You can access WSUS reports from the Reports node of the WSUS
console, as shown in Figure 1. WSUS
reports can be printed or exported to Microsoft Office Excel or PDF
format. Because WSUS data can be forwarded to a SQL Server database,
you can also perform a separate analysis using your own database
queries. There are several basic categories of reports that allow
you to view how successful the deployment of a specific update has
been or the update status of specific WSUS server clients.

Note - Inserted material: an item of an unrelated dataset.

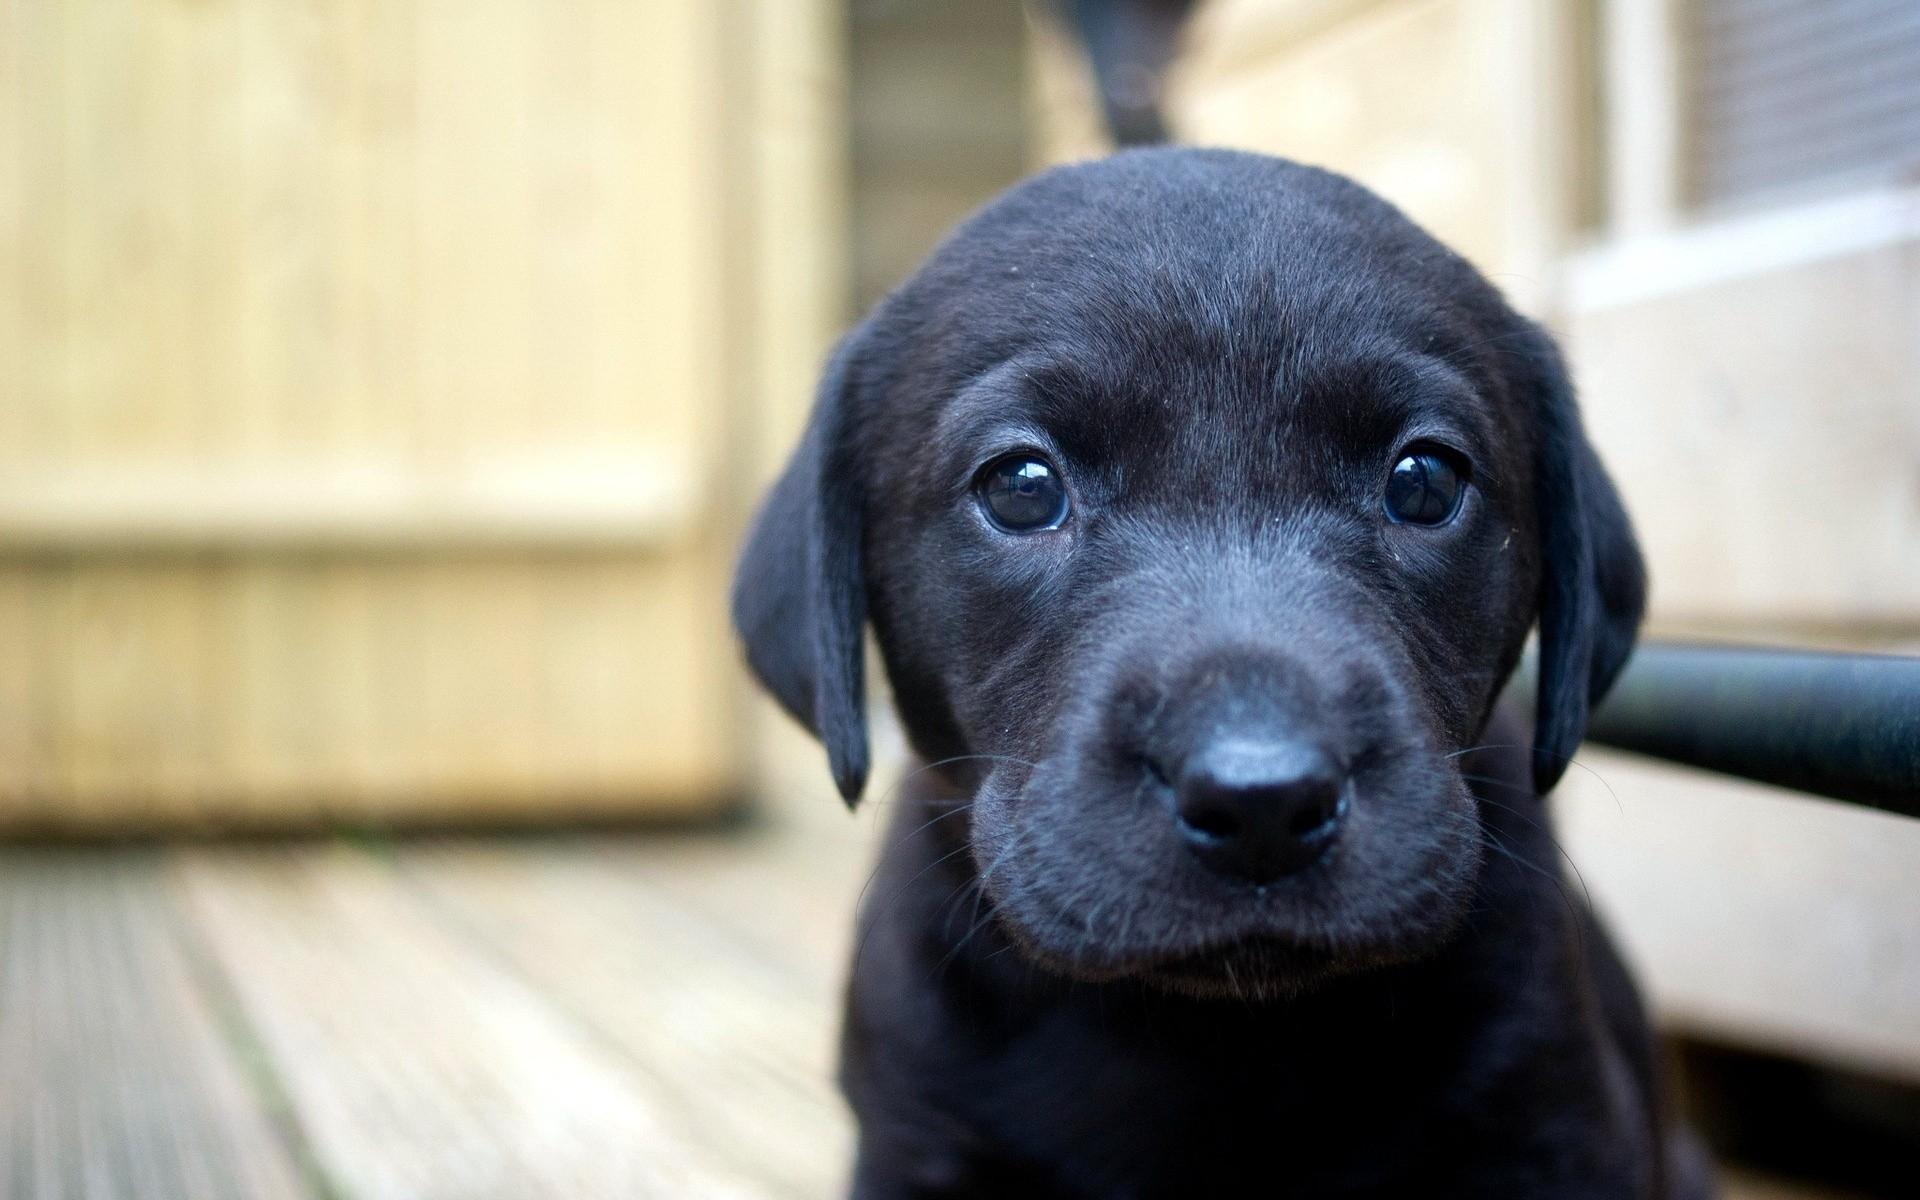 puppy_dog_face_eyes_44638_1920x1200.jpg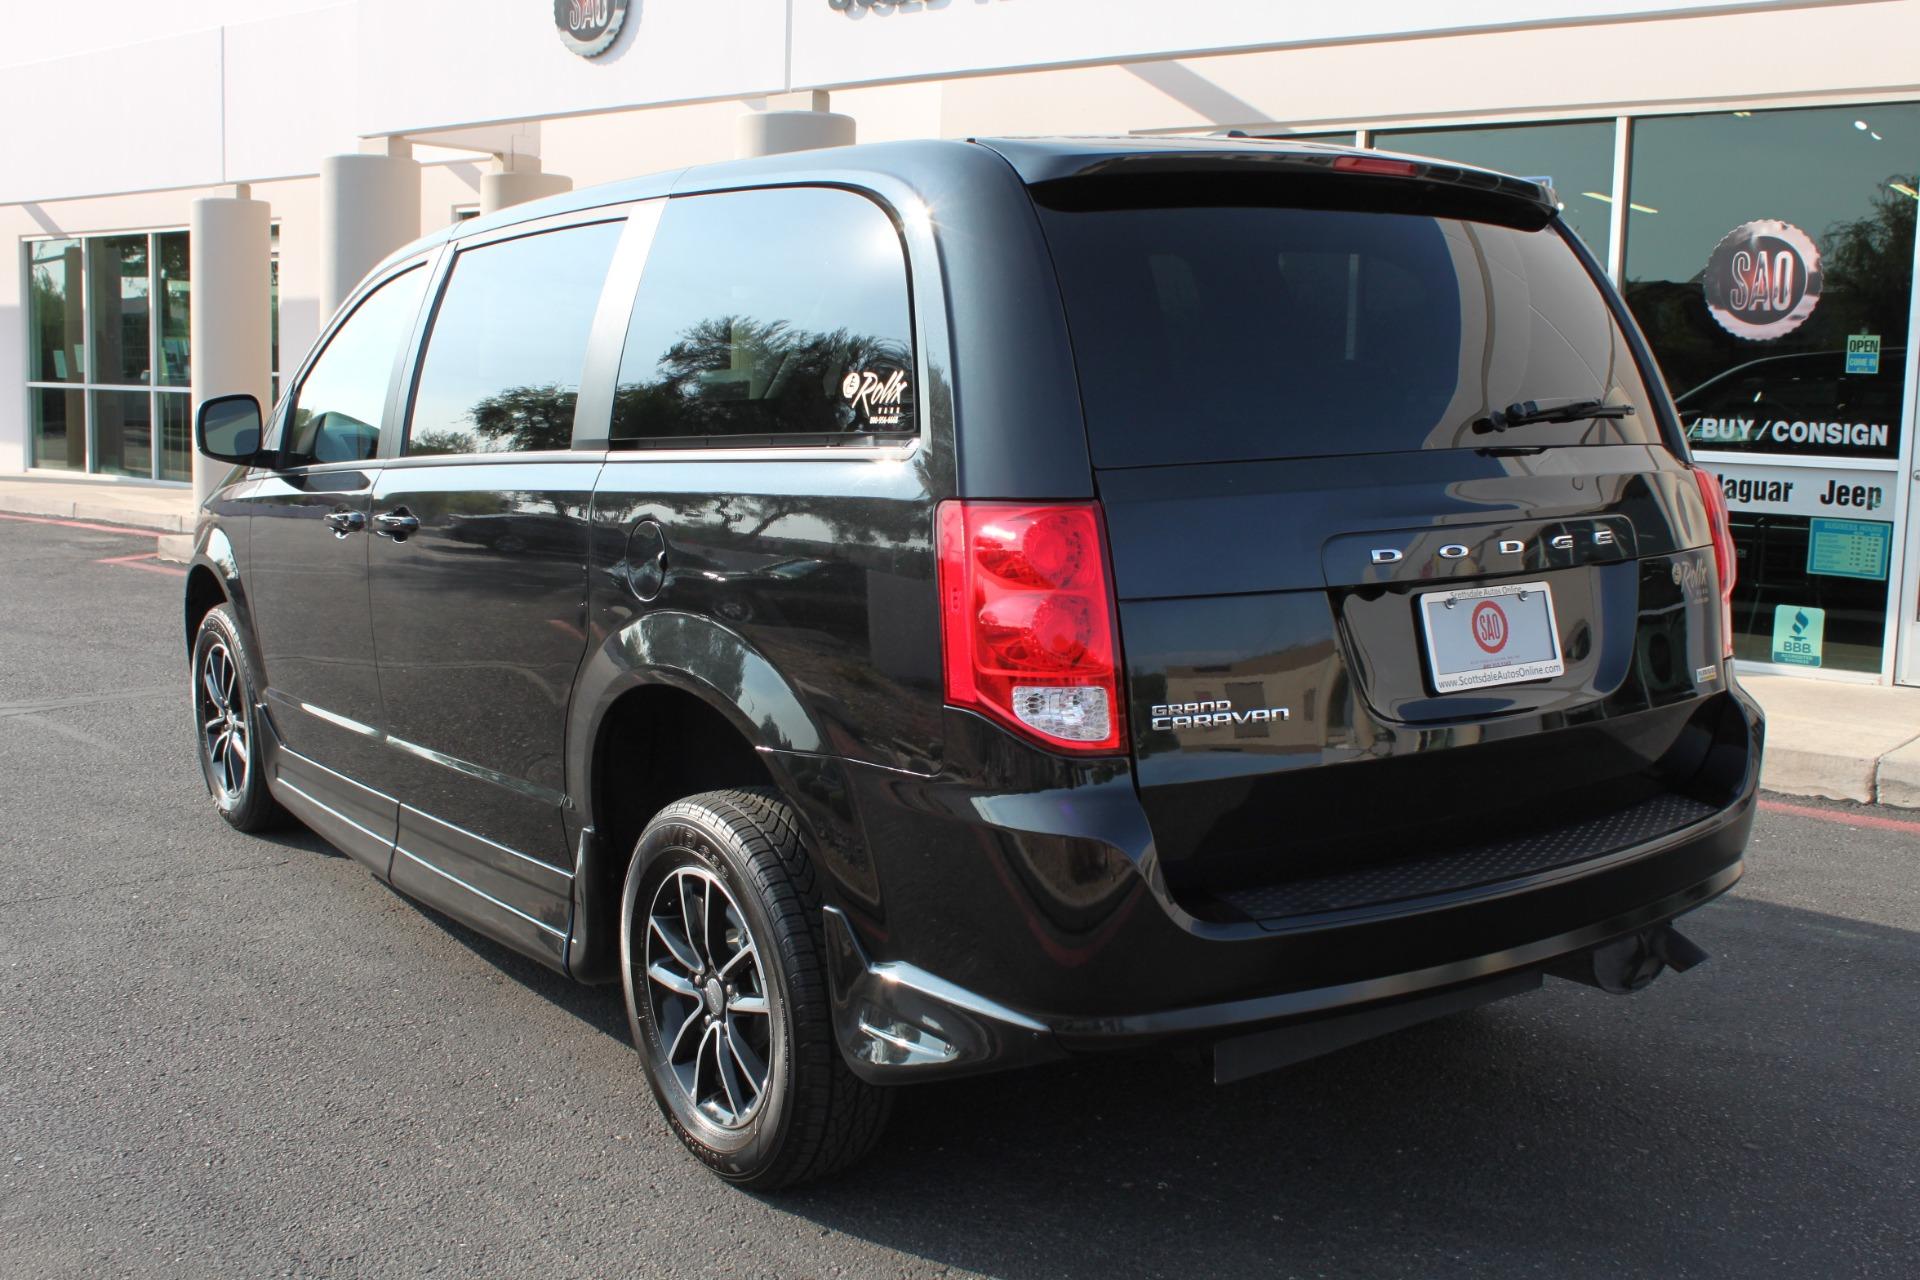 Used-2018-Dodge-Grand-Caravan-SXT-Rollx-Mobility-Conversion-Grand-Wagoneer

Microsoft Baseline Security Analyzer
As mentioned, you can use Microsoft Baseline Security
Analyzer (MBSA) to scan client computers in an organization to
determine whether they are missing software updates. You can
configure the MBSA tool to check whether a computer is up to date
with the updates published by Microsoft through the Microsoft Update
servers. You can also configure the MBSA tool to check against the
list of approved updates hosted on a local WSUS server. This
practice allows you to determine whether a computer is up to date
with the updates that have been approved for your specific
environment. When used to scan against a WSUS server approval list,
the MBSA tool scans using the WSUS server assigned to the scanning
computer through policy.
The person performing the scan of remote computers must do so
with a user account that is a member of the local administrators
group on each remotely scanned computer. This requirement ensures
that nefarious third parties cannot use the MBSA tool to determine
what vulnerabilities computers might have. The MBSA tool can also be
used to locate common administrative vulnerabilities incurred by
problematic configuration practices.
You can use the MBSA tool to scan all computers that are
members of a specific domain or all computers that are located in a
particular IP address range, as shown by Figure 2. When scanning
computers, ensure that the Check For Security Updates option is
configured. Then you need to choose between configuring the scan to
use Microsoft Update or the WSUS server that is configured for the
computer performing the scan.
Keep in mind that only Microsoft Baseline Security
Analyzer 2.11 and later are compatible with the Windows 7 operating
system. You install and use the Microsoft Baseline Security Analyzer
in the practice exercise at the end of this lesson.